Data scientists are skilled in data manipulation and have a deep understanding of programming languages, statistical modeling, and data visualization tools. They work with large amounts of data from various sources, including databases, social media platforms, and sensor networks, to extract meaningful insights.

Data scientists are essential in today’s data-driven world, where businesses and organizations require accurate insights to make informed decisions. They can work in various industries, including finance, healthcare, e-commerce, and marketing, among others.

To become a data scientist, one typically needs a strong foundation in mathematics, statistics, and computer science, along with experience in programming languages such as Python or R. Additionally, data scientists must possess critical thinking skills, attention to detail, and the ability to communicate complex data analysis in a clear and concise manner.

In summary, data scientists are highly skilled professionals who play a crucial role in interpreting and analyzing complex data sets to inform business decisions and drive innovation.

Data Analyst

A data analyst is a professional who is responsible for collecting, processing, and performing statistical analyses on large sets of data. They use various techniques to identify patterns and trends in data, which can be used to inform business decisions and strategies.

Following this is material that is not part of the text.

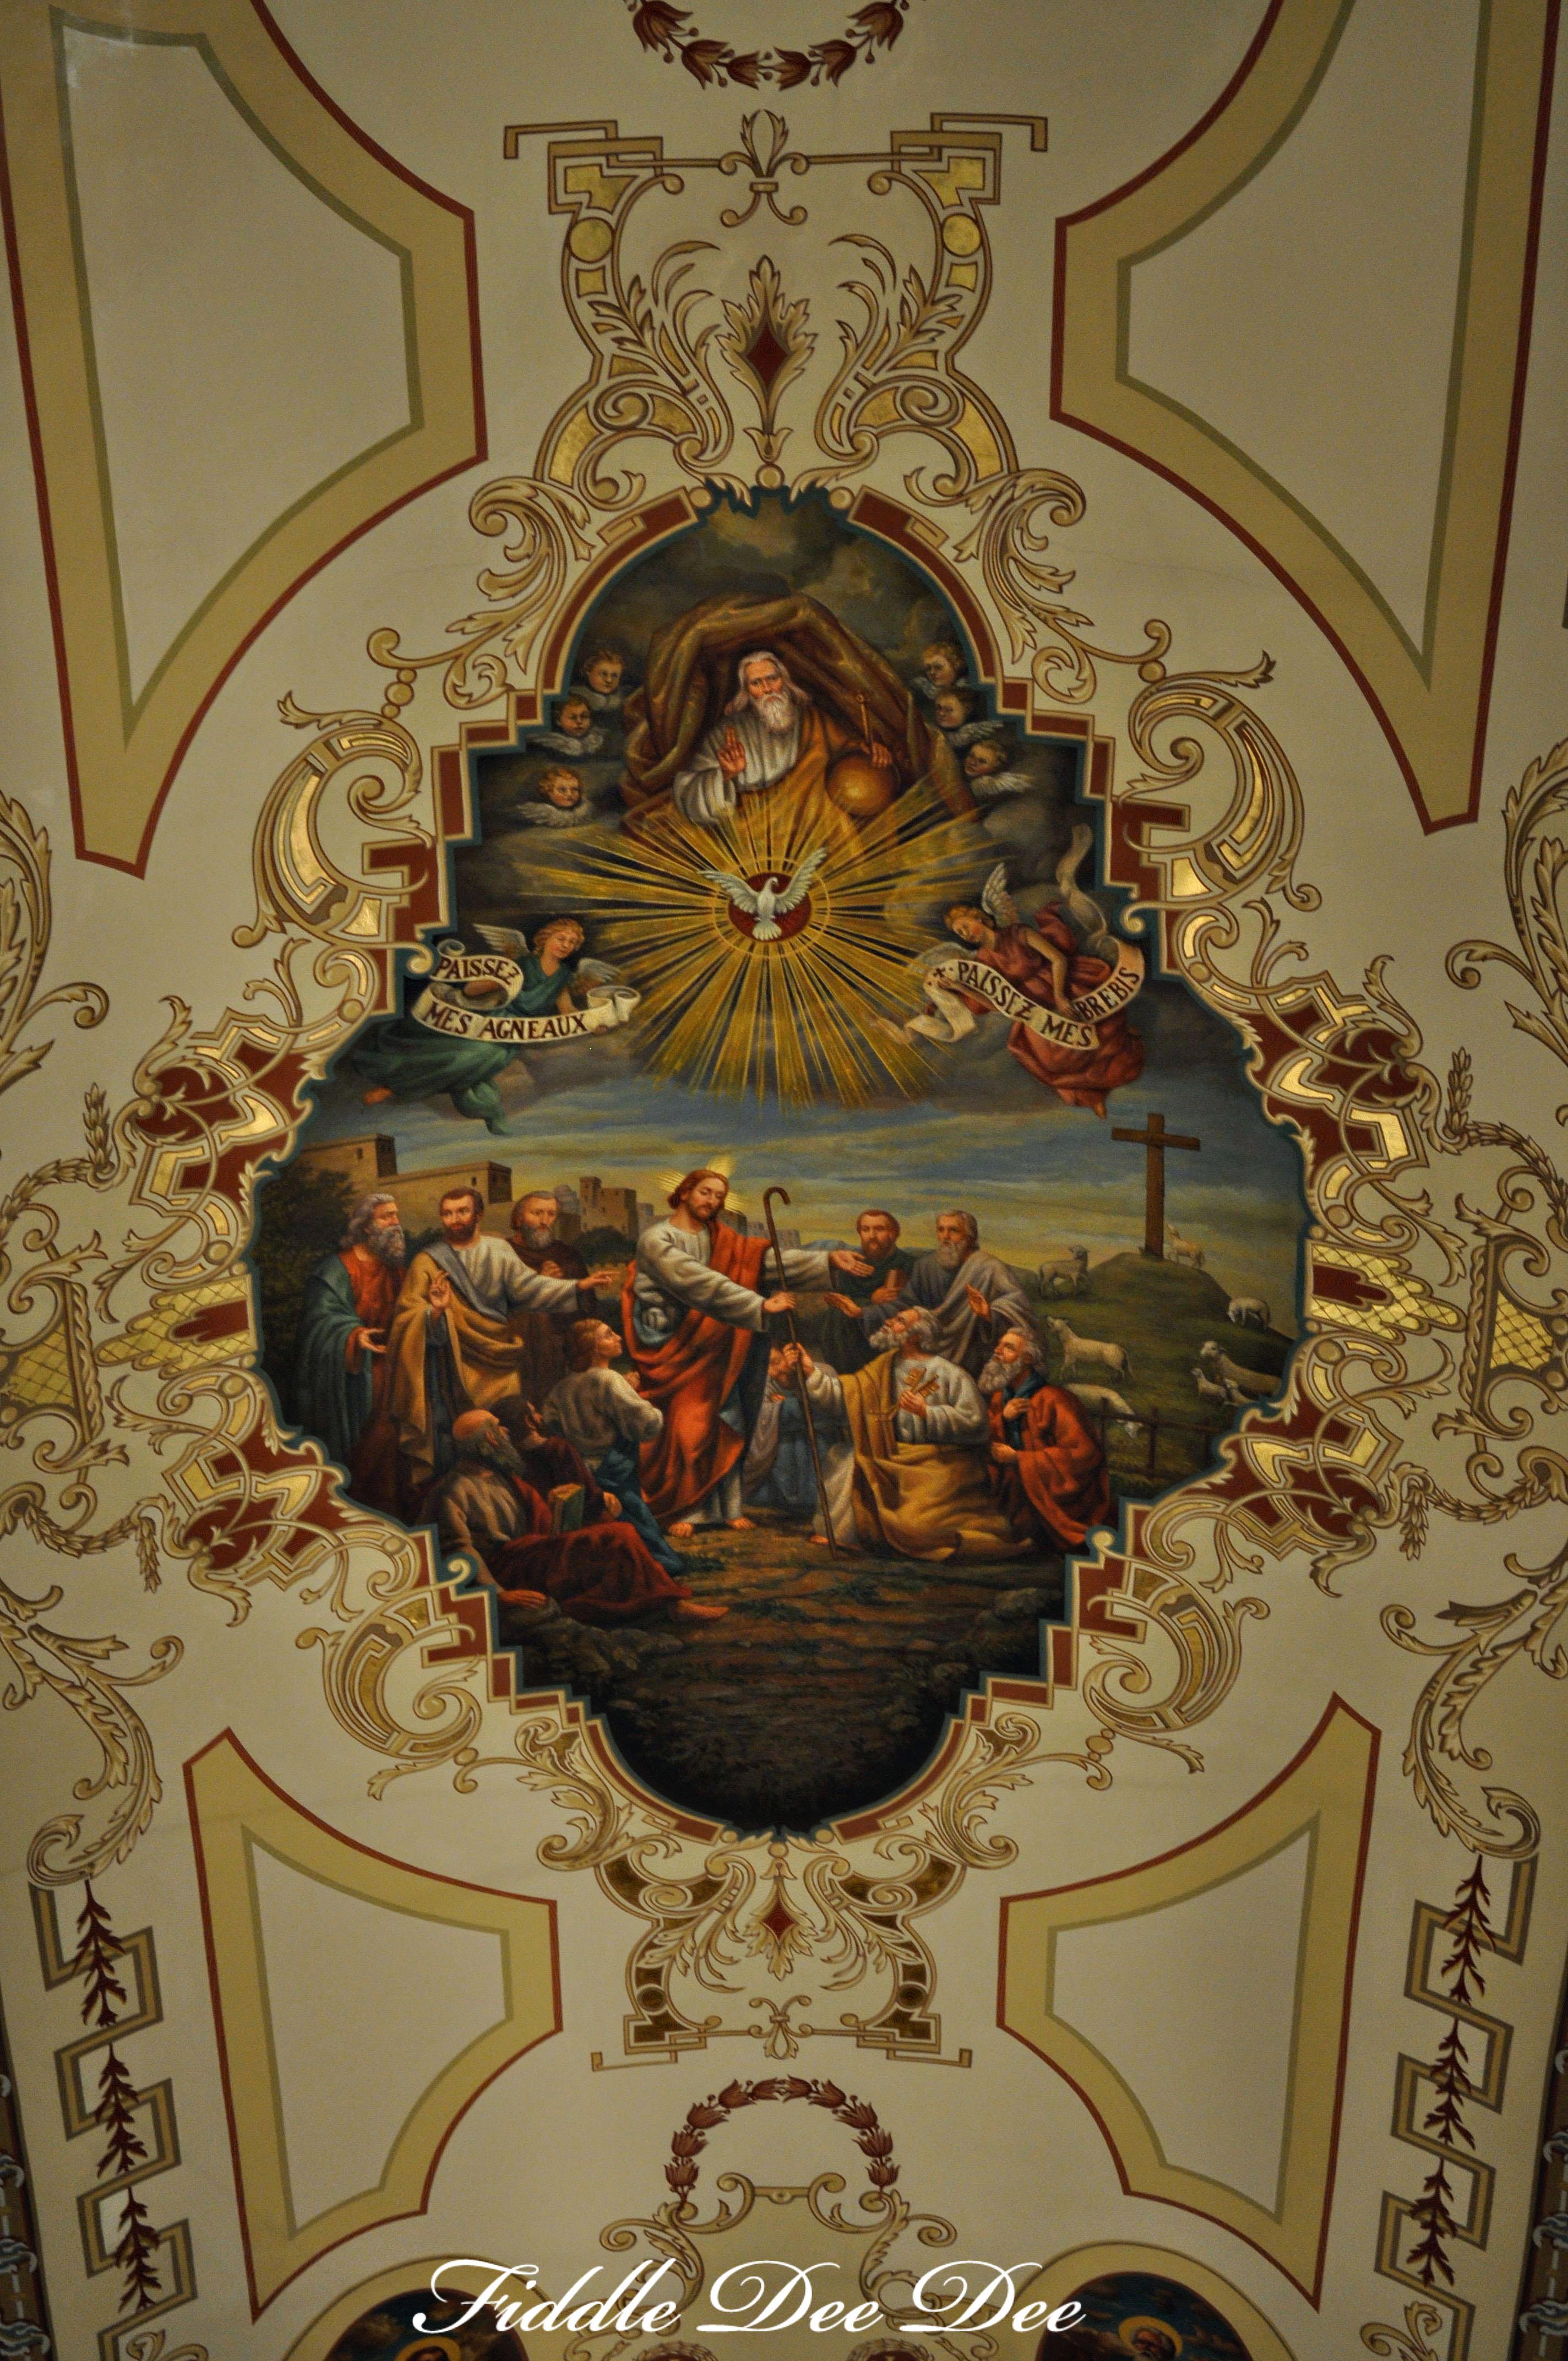 saint-louis-cathedral-3-ohfiddledeedee-com
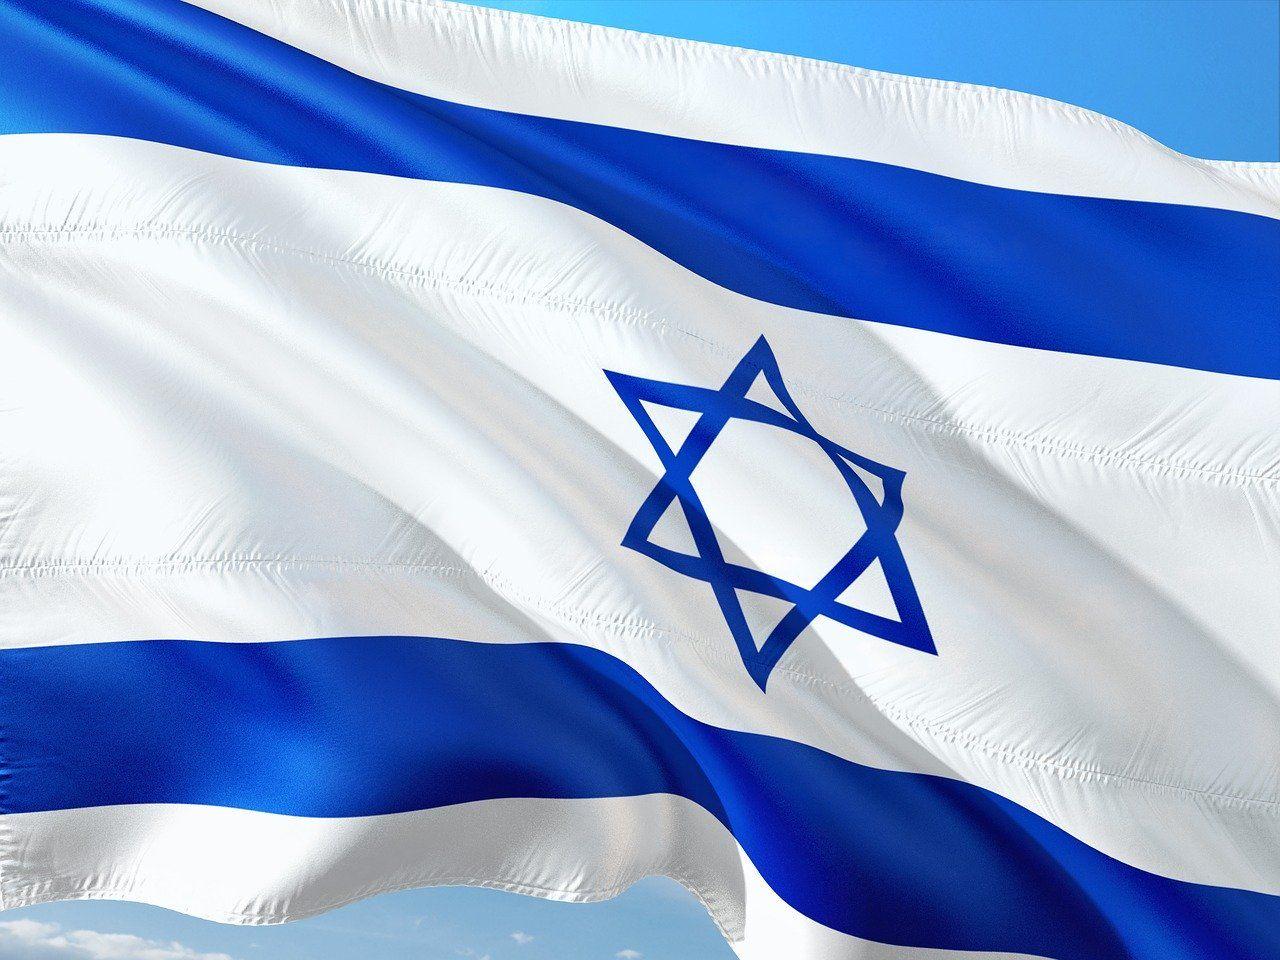 """Угроза прорыва ХАМАС"", – Израиль объявил режим ЧП на границе с Газой"

Data analysts are proficient in programming languages like Python and R and have expertise in using data analysis tools such as SQL, Excel, and Tableau. They work with data from various sources such as customer transactions, web traffic, and social media interactions, among others.

Their main responsibilities include identifying data trends, generating reports, creating data visualizations, and developing data-driven solutions to business problems. They also collaborate with other professionals like data scientists, software engineers, and business analysts to improve data quality and streamline data processes.

Overall, data analysts play a crucial role in helping organizations make data-driven decisions and achieve their business objectives.